Top of Material provided

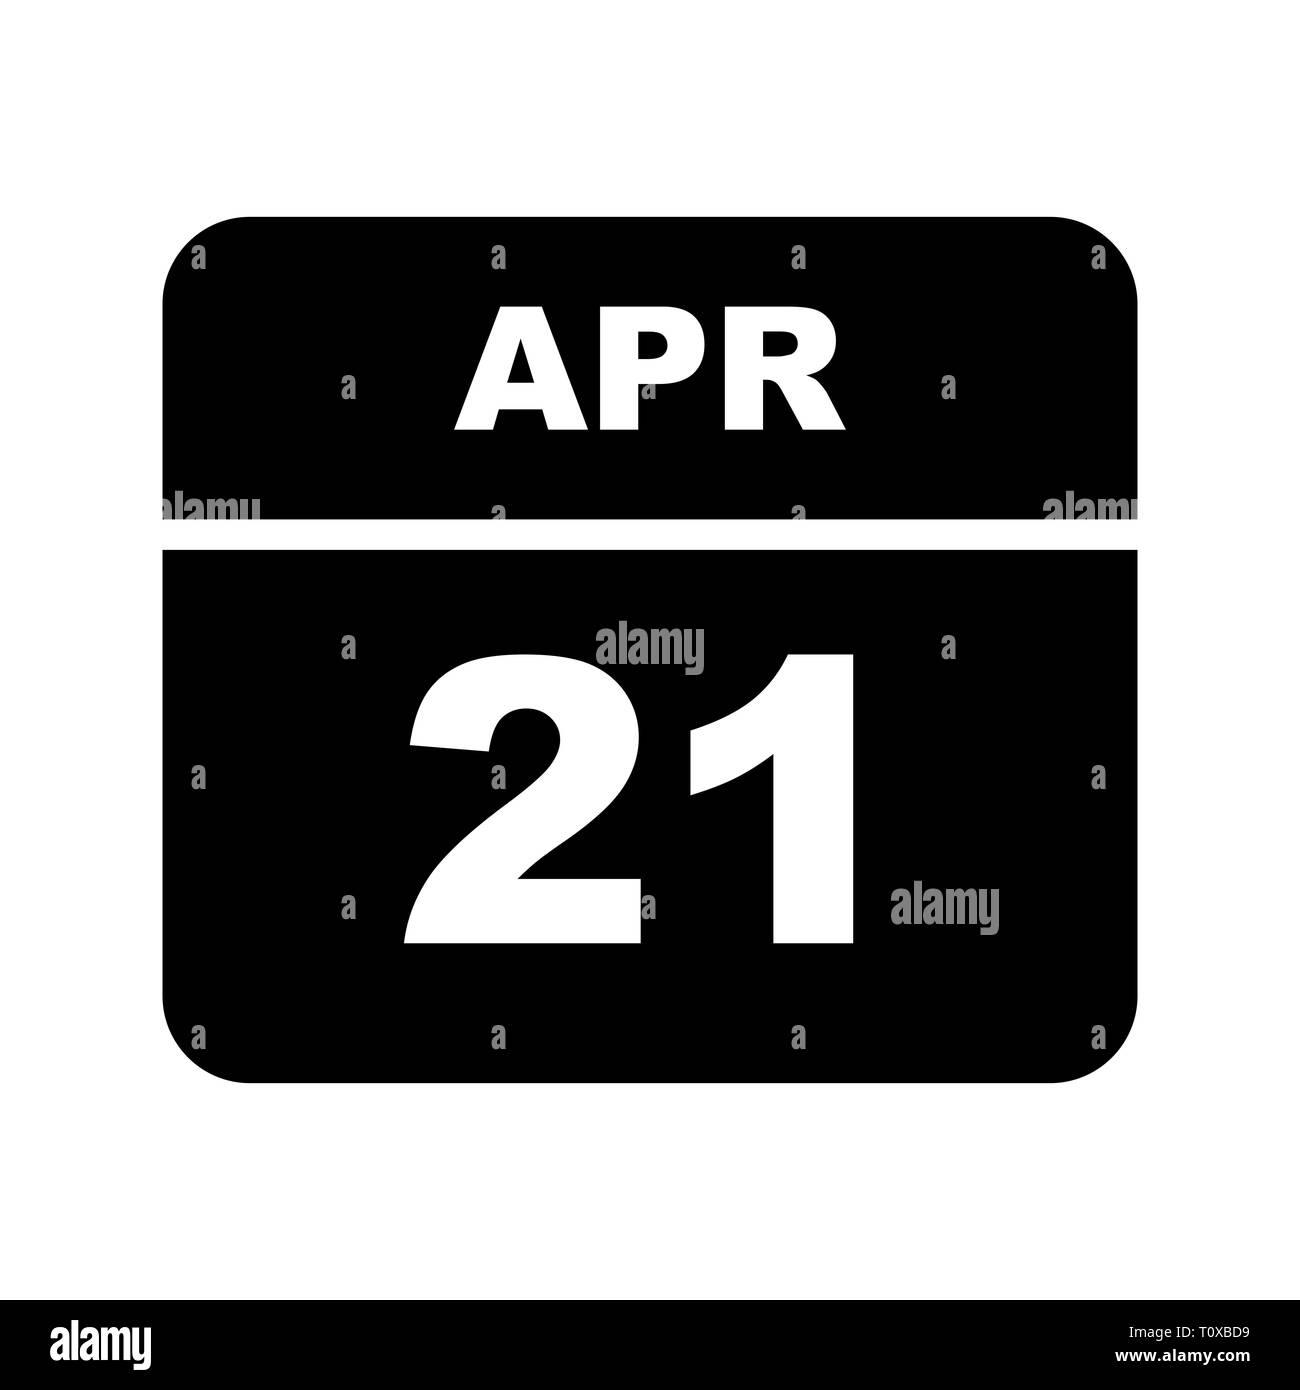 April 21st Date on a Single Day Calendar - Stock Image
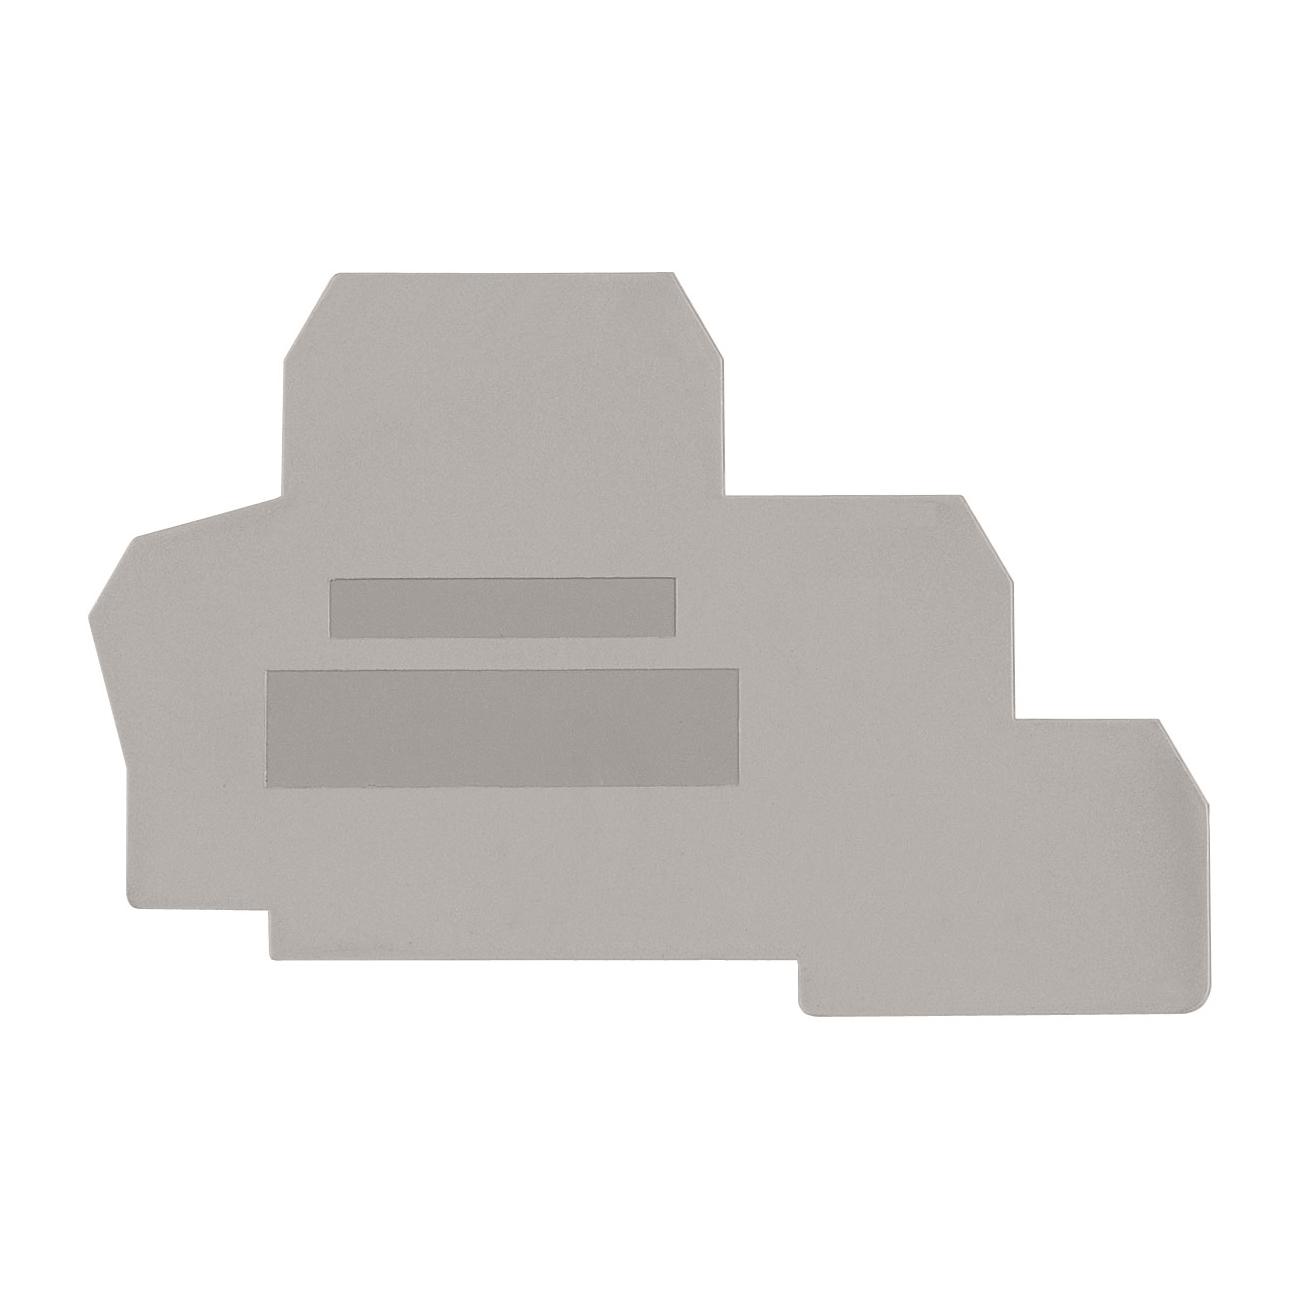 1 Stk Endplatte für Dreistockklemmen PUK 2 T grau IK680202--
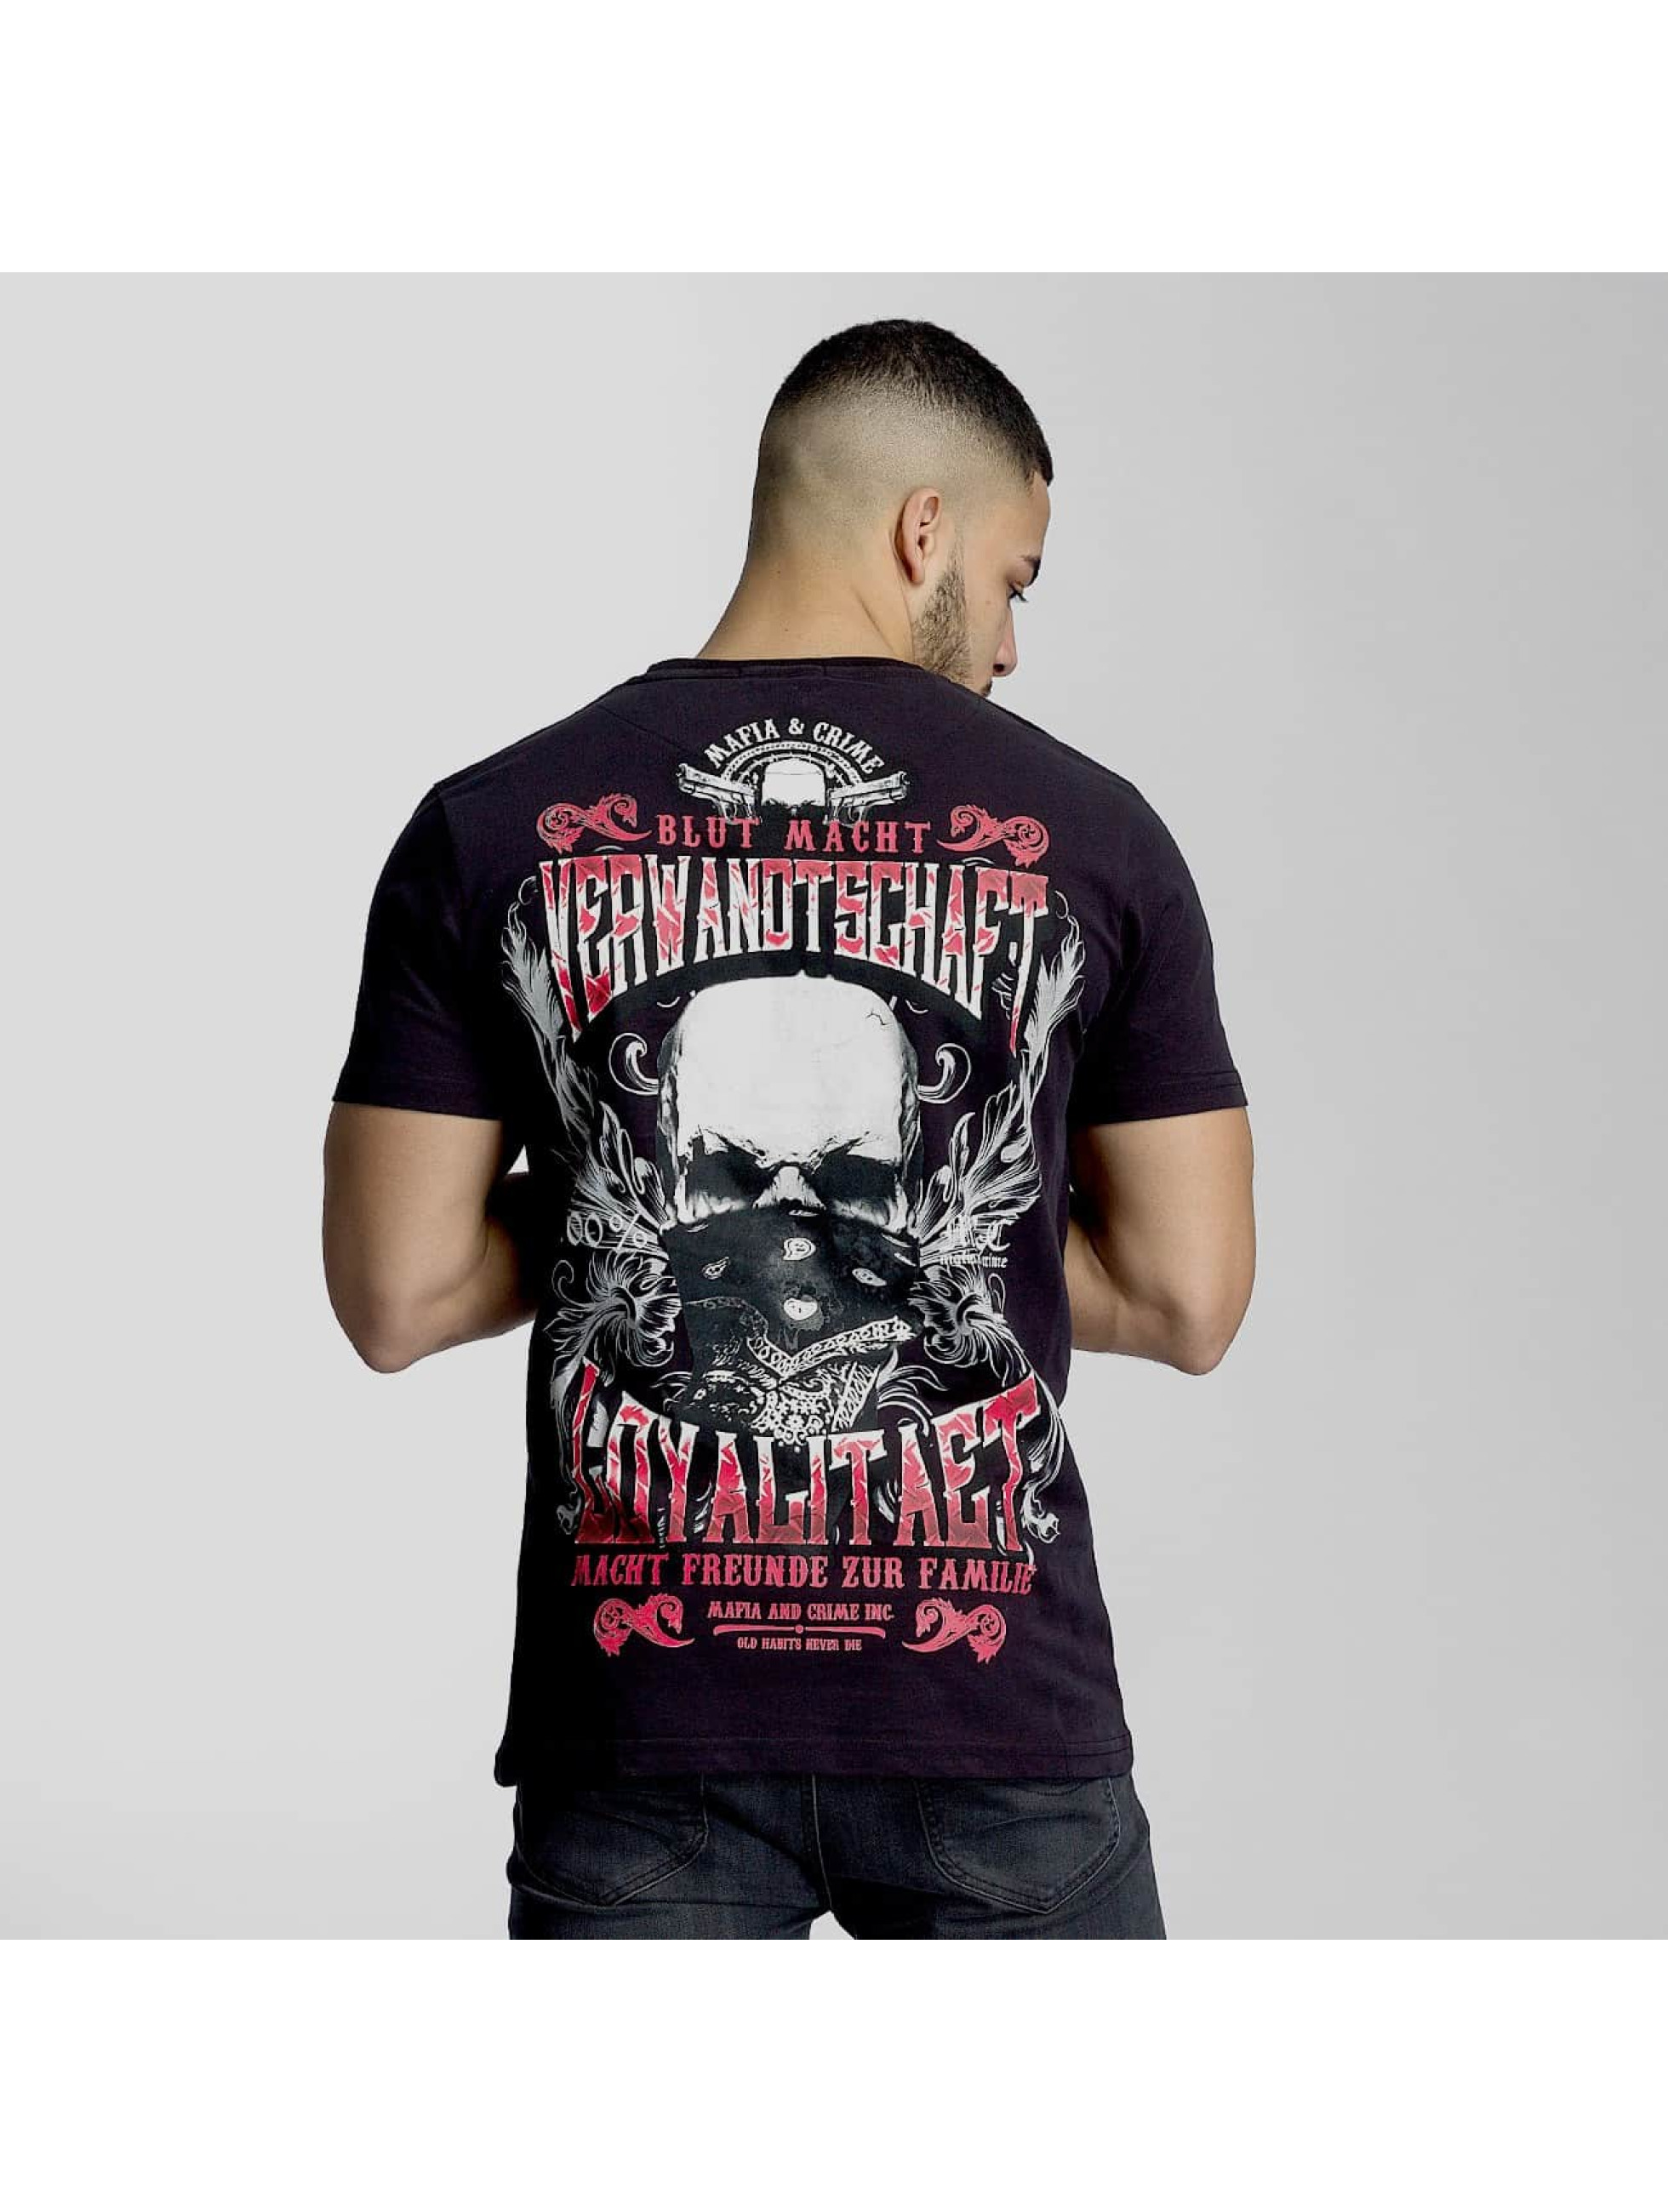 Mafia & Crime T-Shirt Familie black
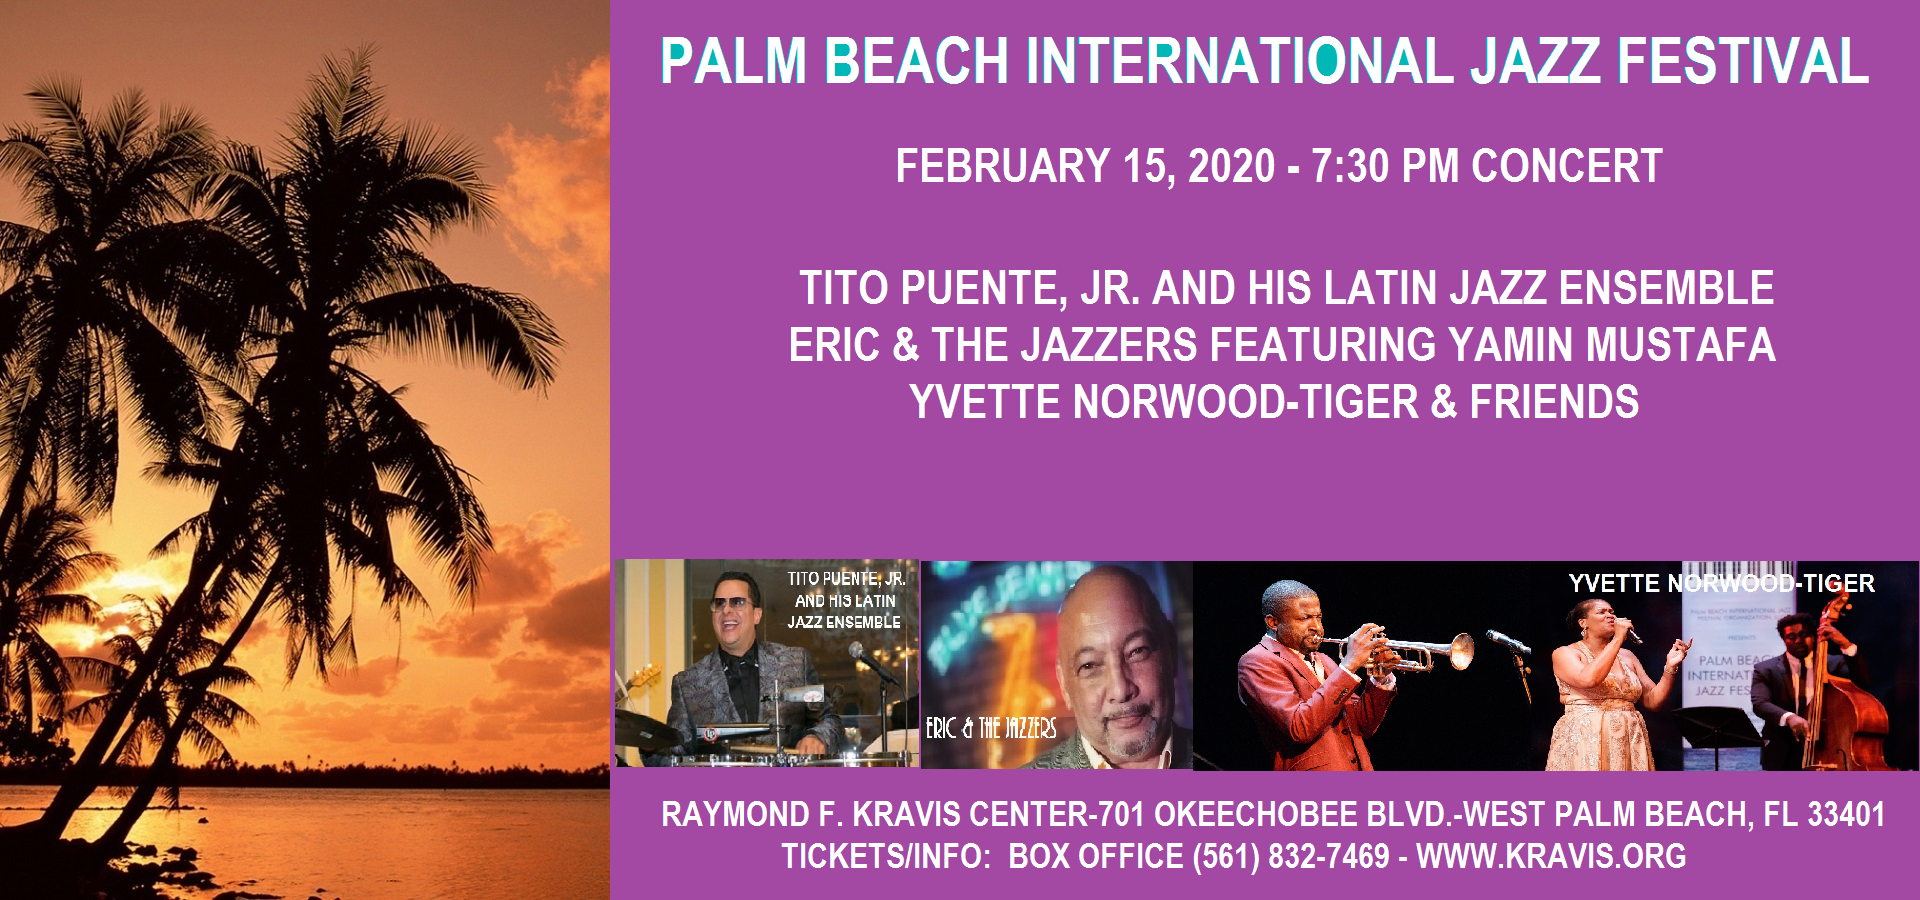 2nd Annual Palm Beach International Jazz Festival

Bottom of Material provided

__What the task asks__. Only the lines from the line with "Mafia & Crime T-Shirt Familie black" to the bottom of the material above should be reproduced, exactly and without pictures.

__Exercise result__.
 Mafia & Crime T-Shirt Familie black
 2nd Annual Palm Beach International Jazz Festival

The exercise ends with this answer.